Since the magnetic particles 152 of the mean diameter of 80 to 150 μm have a large contact area therebetween, the magnetic powder 151 has a large bulk density. The inventors found out that there is a close relationship between the bulk density of the magnetic powder 151 and the magnetic flux density of the magnet block 141 and that the magnetic flux density of the magnet block 141 increases as the bulk density increases. The molding density of the magnetic block 141 can be increased when the magnetic block 141 is formed by closely filling the die with the magnetic particles 152 having the mean diameter of 80 to 150 μm. Since each magnetic particle 152 has a generally spherical form, rotation of the magnetic powder 151 when the magnetic field is oriented is prevented from being inhibited and then magnetizing axes of easy magnetization are easily oriented uniformly. Accordingly, the magnetic flux density of the magnet block 141 increases as the bulk density increases. When the bulk density of the magnetic powder 151 is less than 3.3 g/cm3, predetermined high magnetic flux density can not be obtained and the present technology can not provide the magnetic powder 151 having the bulk density of more than 4.0 g/cm3. Accordingly, when the bulk density of the magnetic powder 151 is between 3.3 g/cm3 and 4.0 g/cm3, the predetermined high magnetic flux density can be obtained.

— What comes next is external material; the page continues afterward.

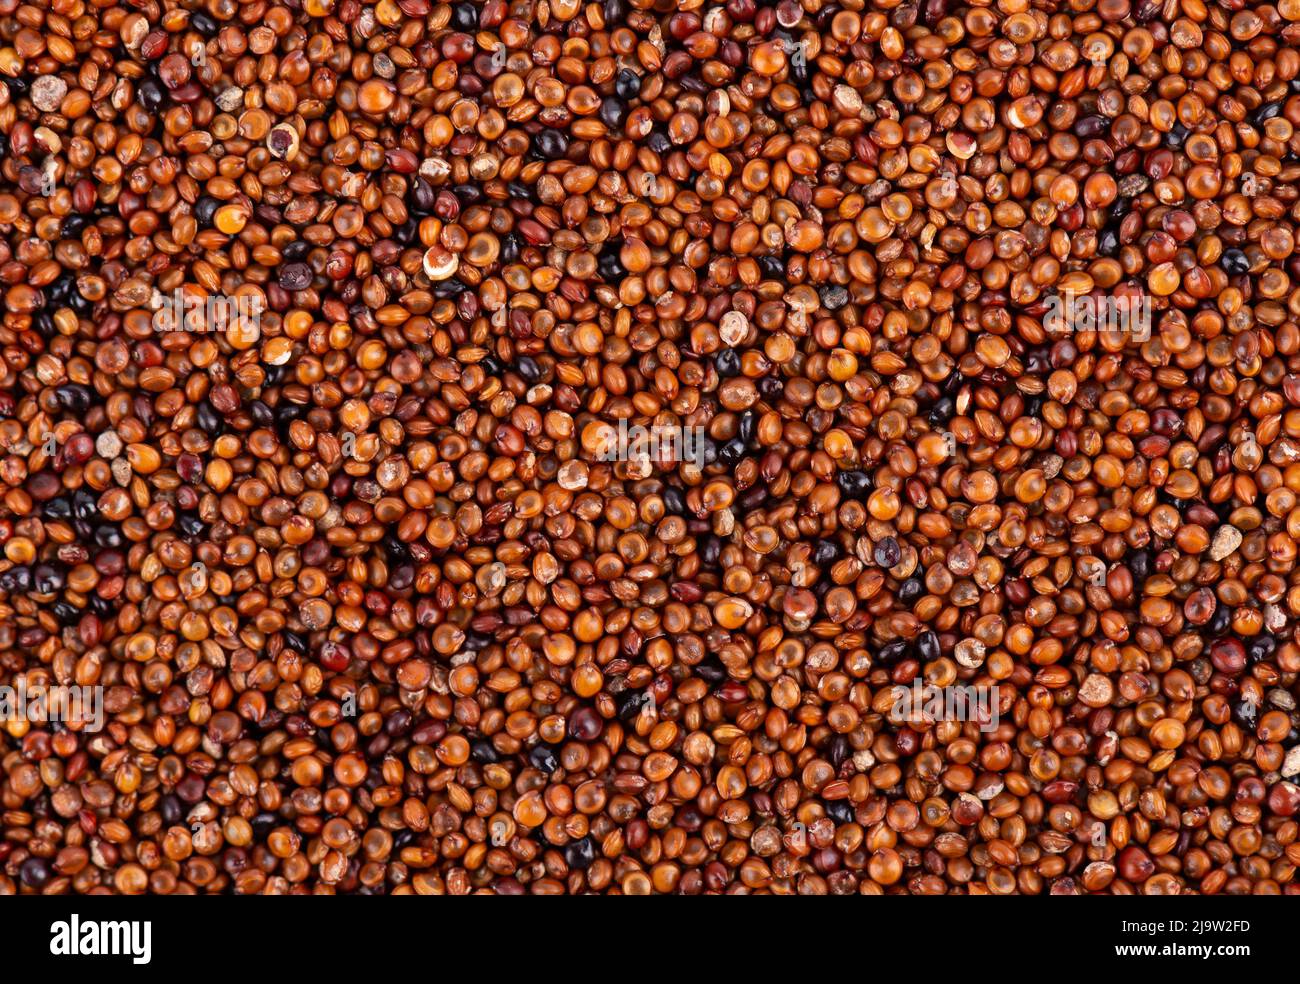 Canihua grains background. Qaniwa, qanawa, qanawi or kaniwa seeds. Dry grains of chenopodium pallidicaule. Top view Stock Photo

Generally, re-milling of the magnetic powder 151 is performed by use of a mill such as an Attritor mill, a Jet mill, or the like, or a mixer such as a Henschel mixer. However, since these mills or mixers used for re-milling may crush the magnetic particles 152 of the magnetic powder 161 into particles which are too small, the mean diameter of the magnetic particles 152 becomes too small. It is not preferable that the mean diameter of the magnetic particles 152 be excessively small because the magnetic properties are reduced. Since an amount of fine powder increases due to the re-milling, flow property of the magnetic powder 151 is reduced and therefore filling property of the magnetic powder in the die is reduced. In order to improve the density of the magnetic powder 151 while preventing the above problems, a tabular mixer, as used in the present invention is advantageously used to mix the magnetic particles 152 with each other, or the magnetic particles 152 and an admixture of media. Although a true specific gravity of rare earth magnetic powder is about 7.5 g/cm3, as a theoretical upper limit, the present technology can not provide a true specific gravity of more than 4.0 g/cm3.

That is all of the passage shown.